- _Material provided_
====================

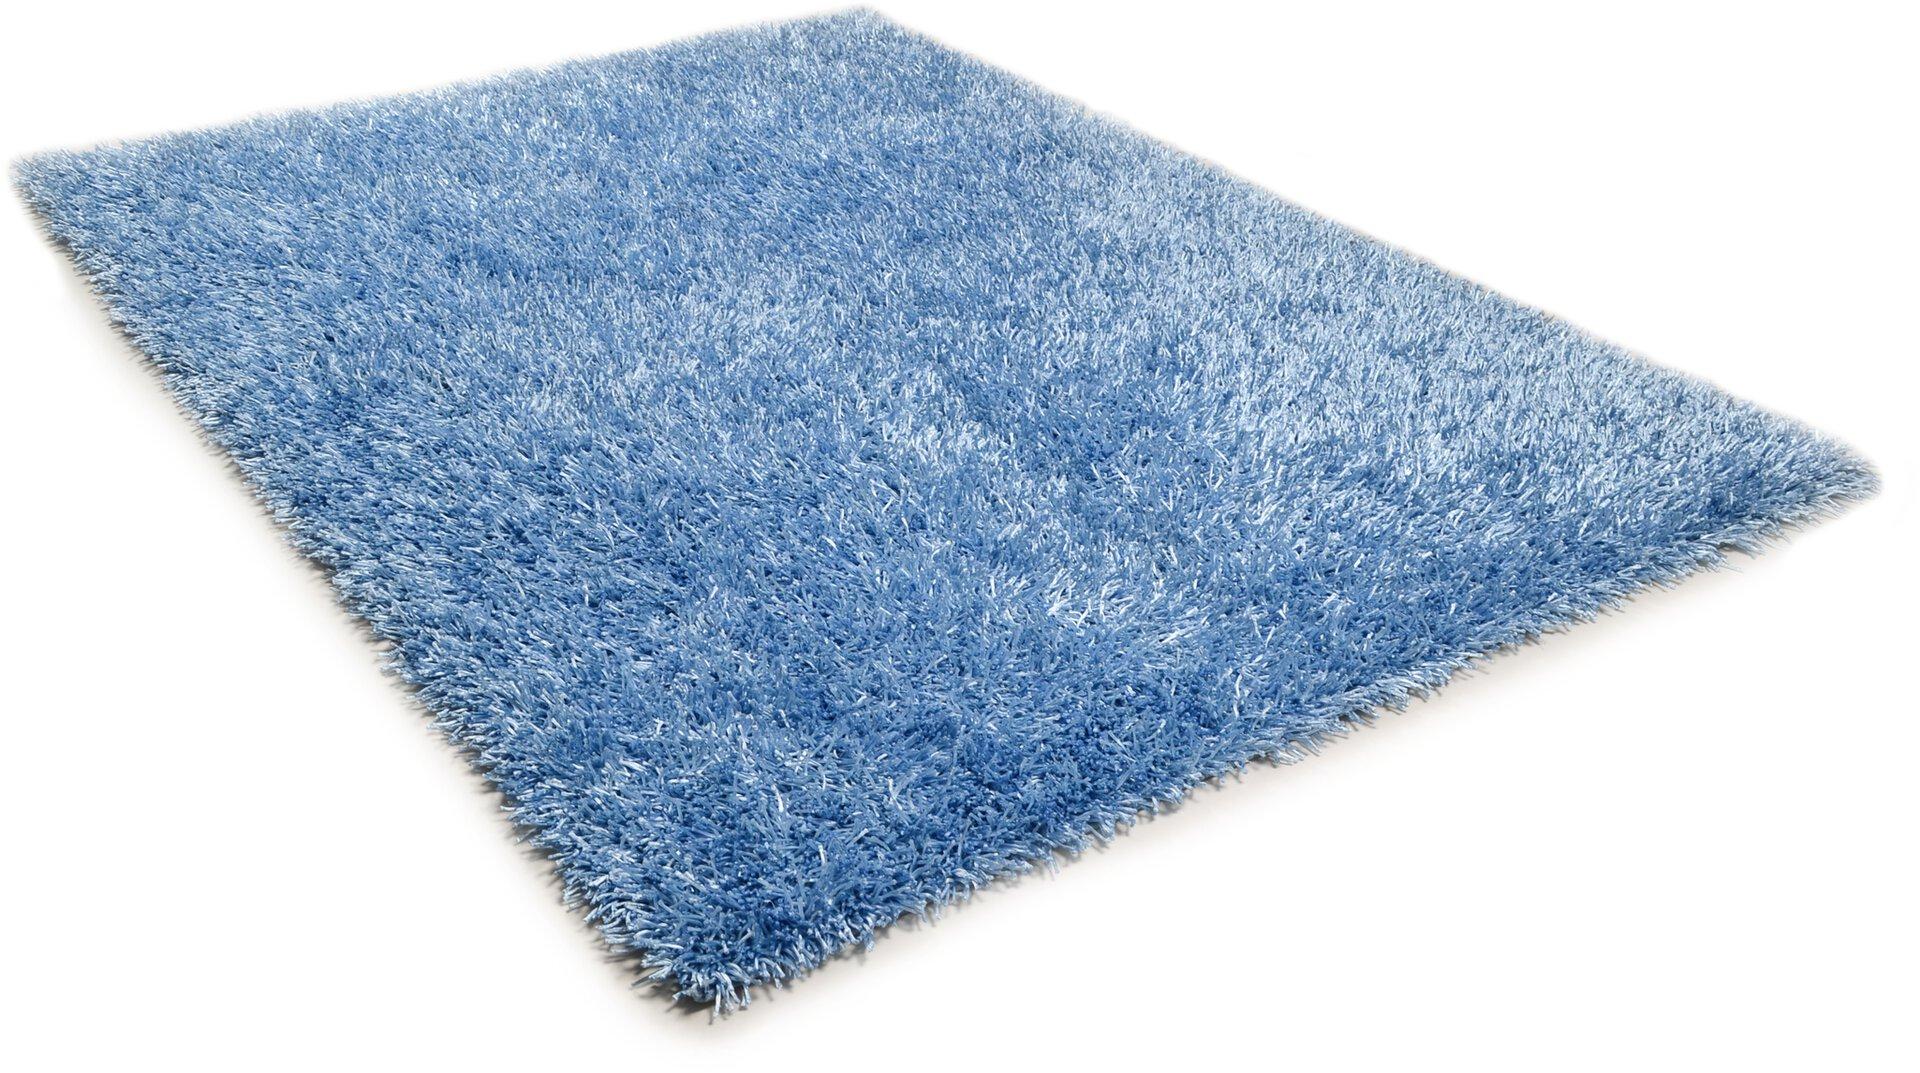 Handtuftteppich Pop Theko Textil Blau 1 cm
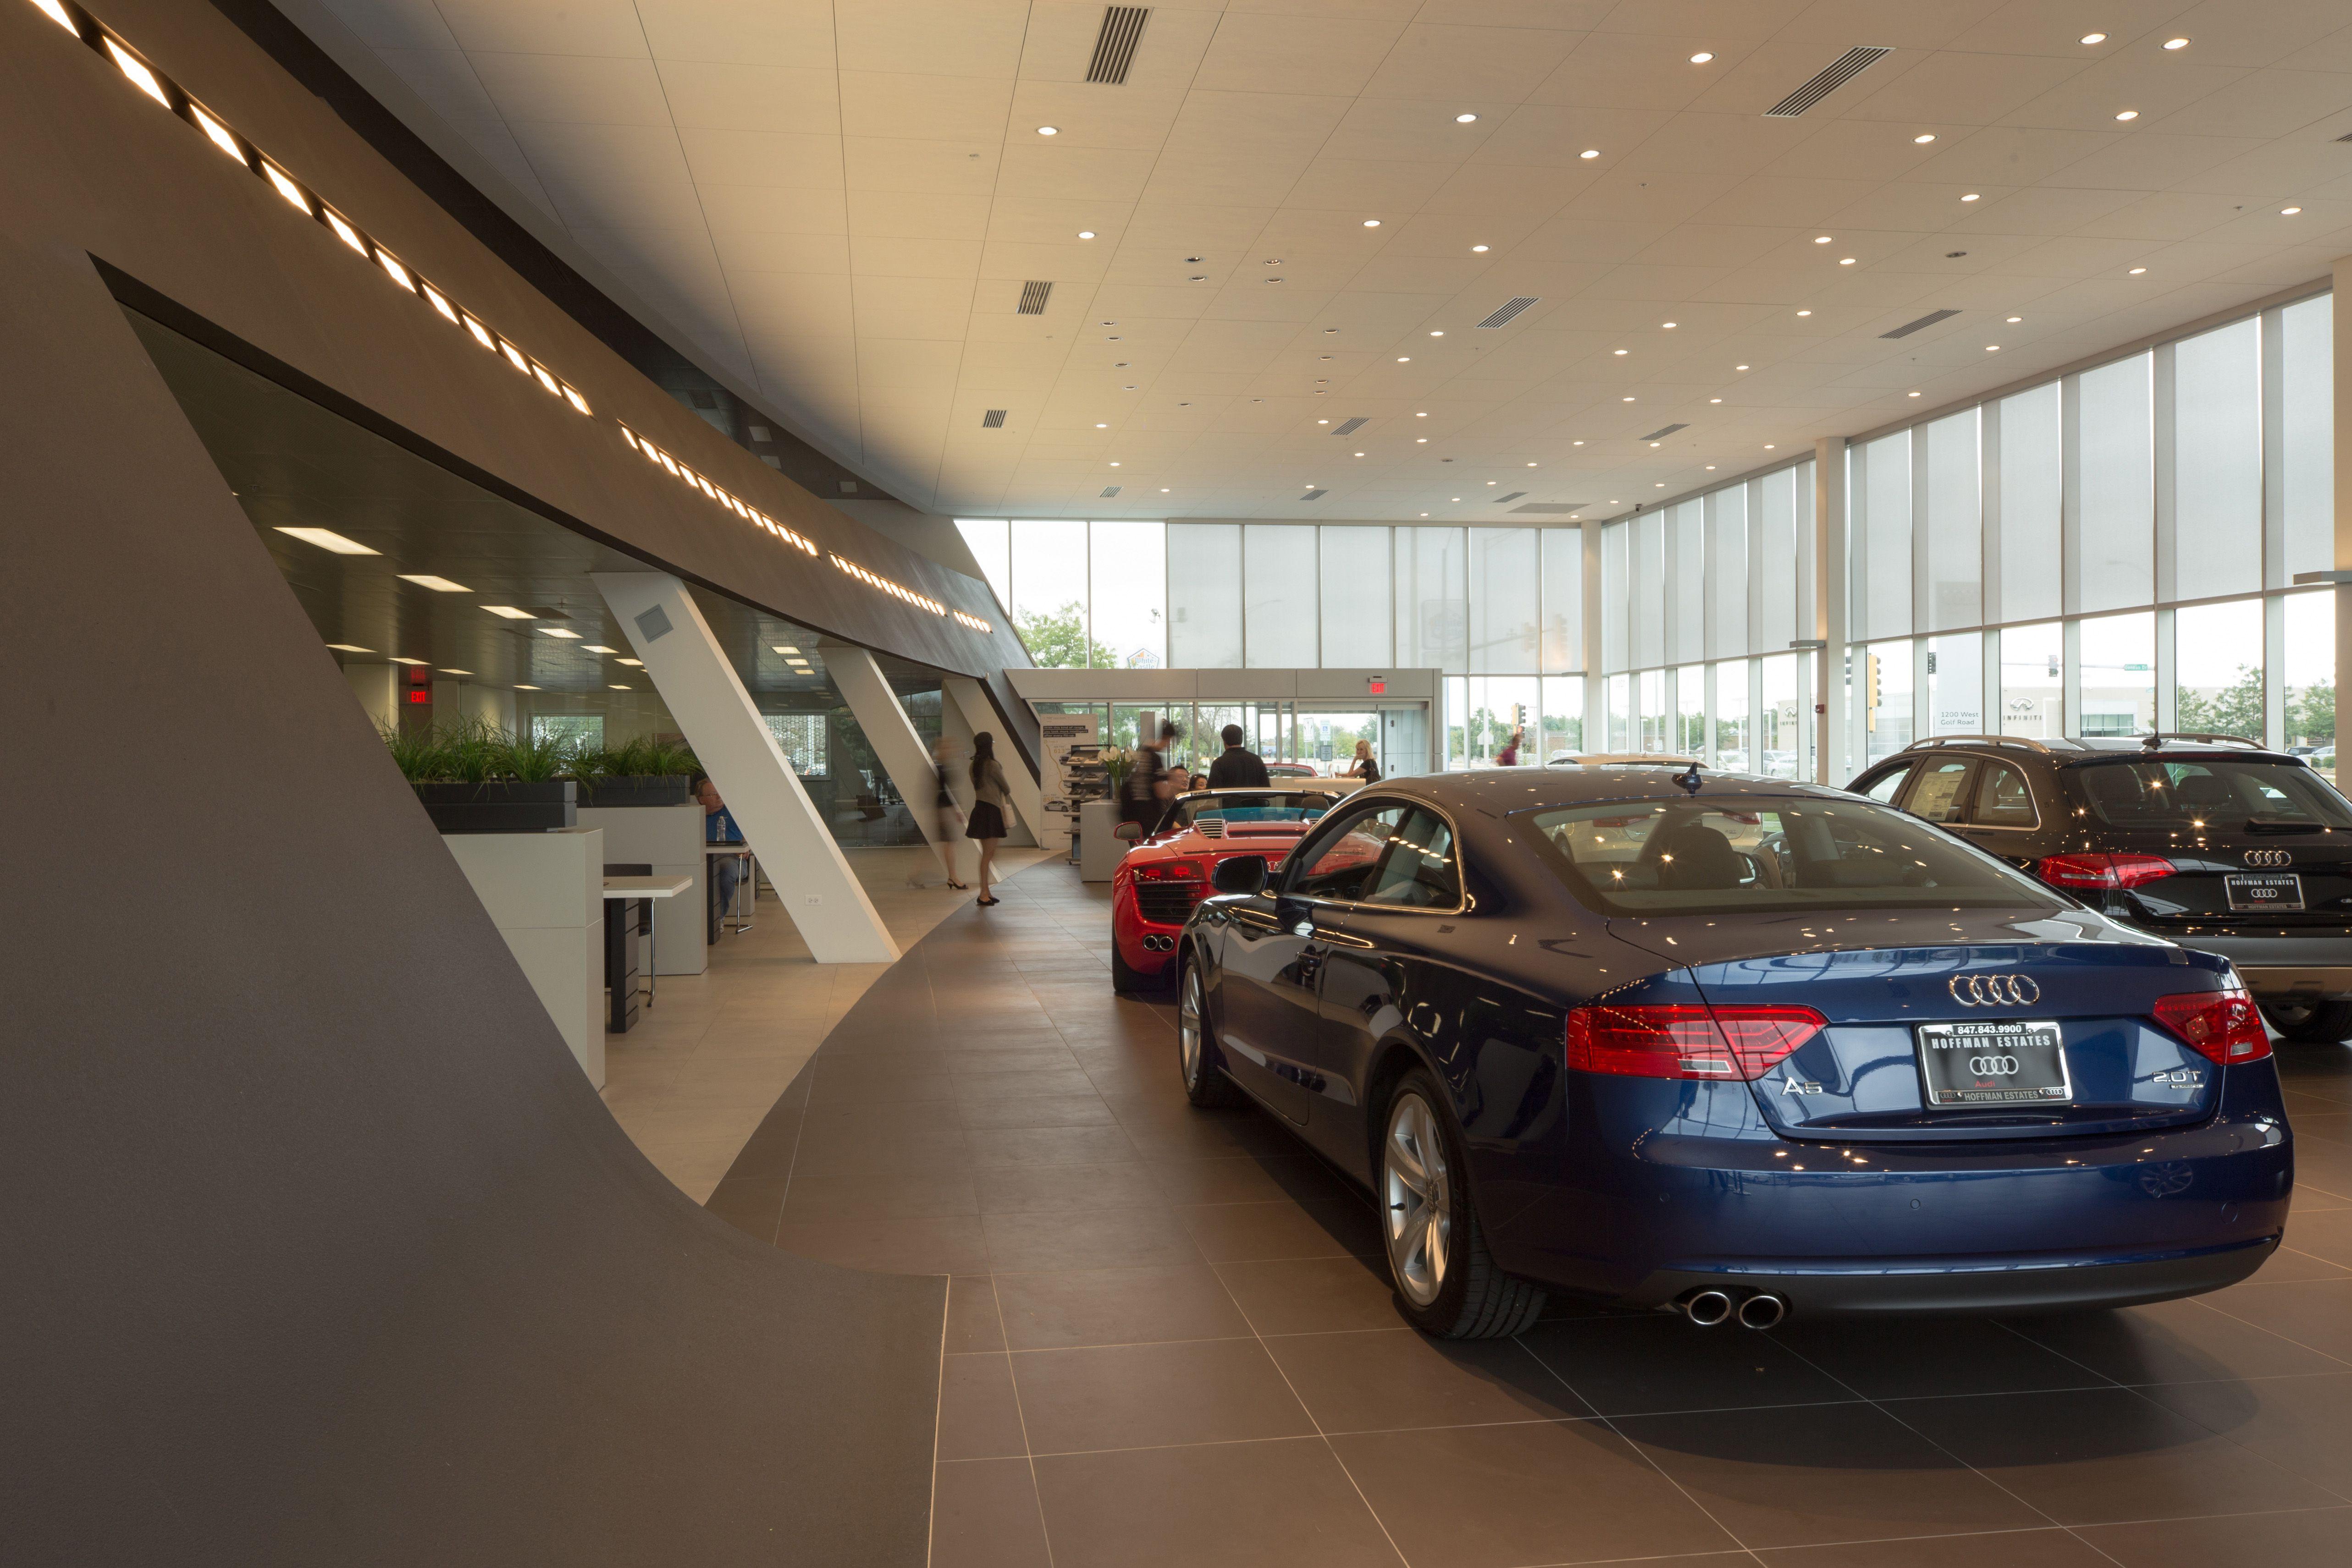 Audi Dealership Hoffman Estates Illinois Audi Car Dealership - Audi dealers in illinois
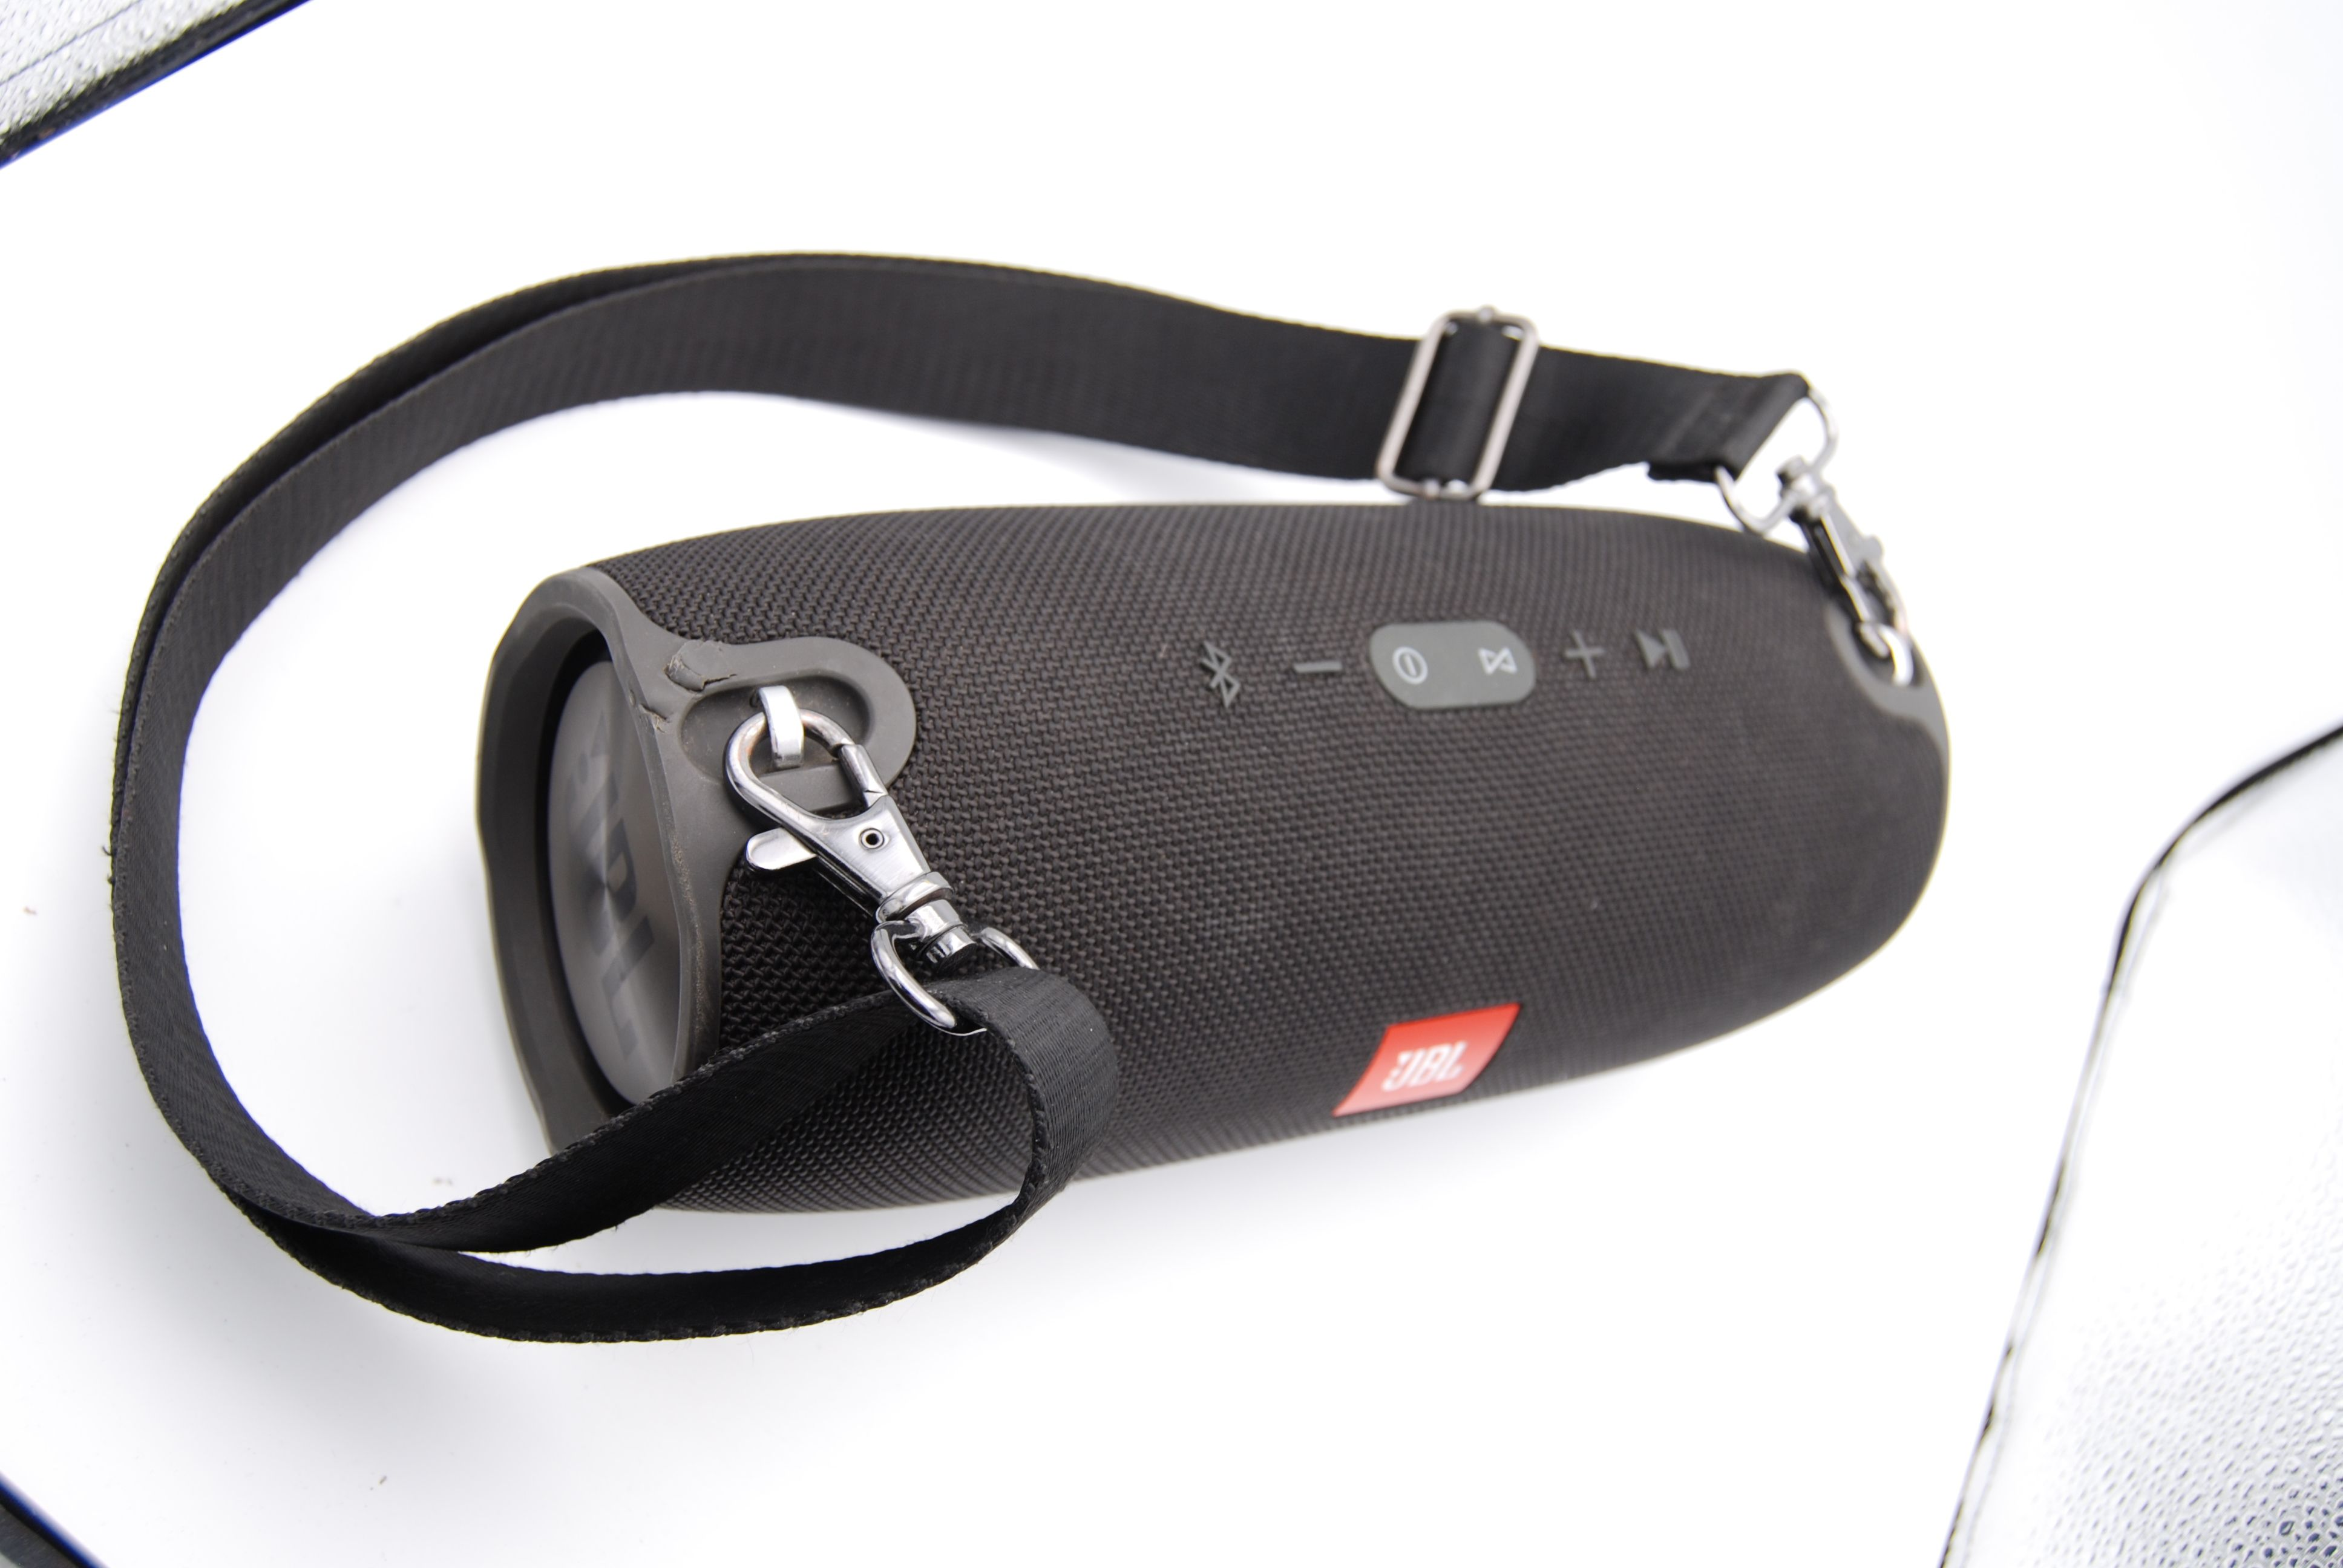 Jbl Xtreme Portable Splashproof Wireless Bluetooth Speaker Black Ebay

====================

- _Exercise objective_
Return an exact transcription of the material, with its pictures left out.

- _Output of the exercise_
 Handtuftteppich Pop Theko Textil Blau 1 cm
 Audi Dealership Hoffman Estates Illinois Audi Car Dealership - Audi dealers in illinois
 Jbl Xtreme Portable Splashproof Wireless Bluetooth Speaker Black Ebay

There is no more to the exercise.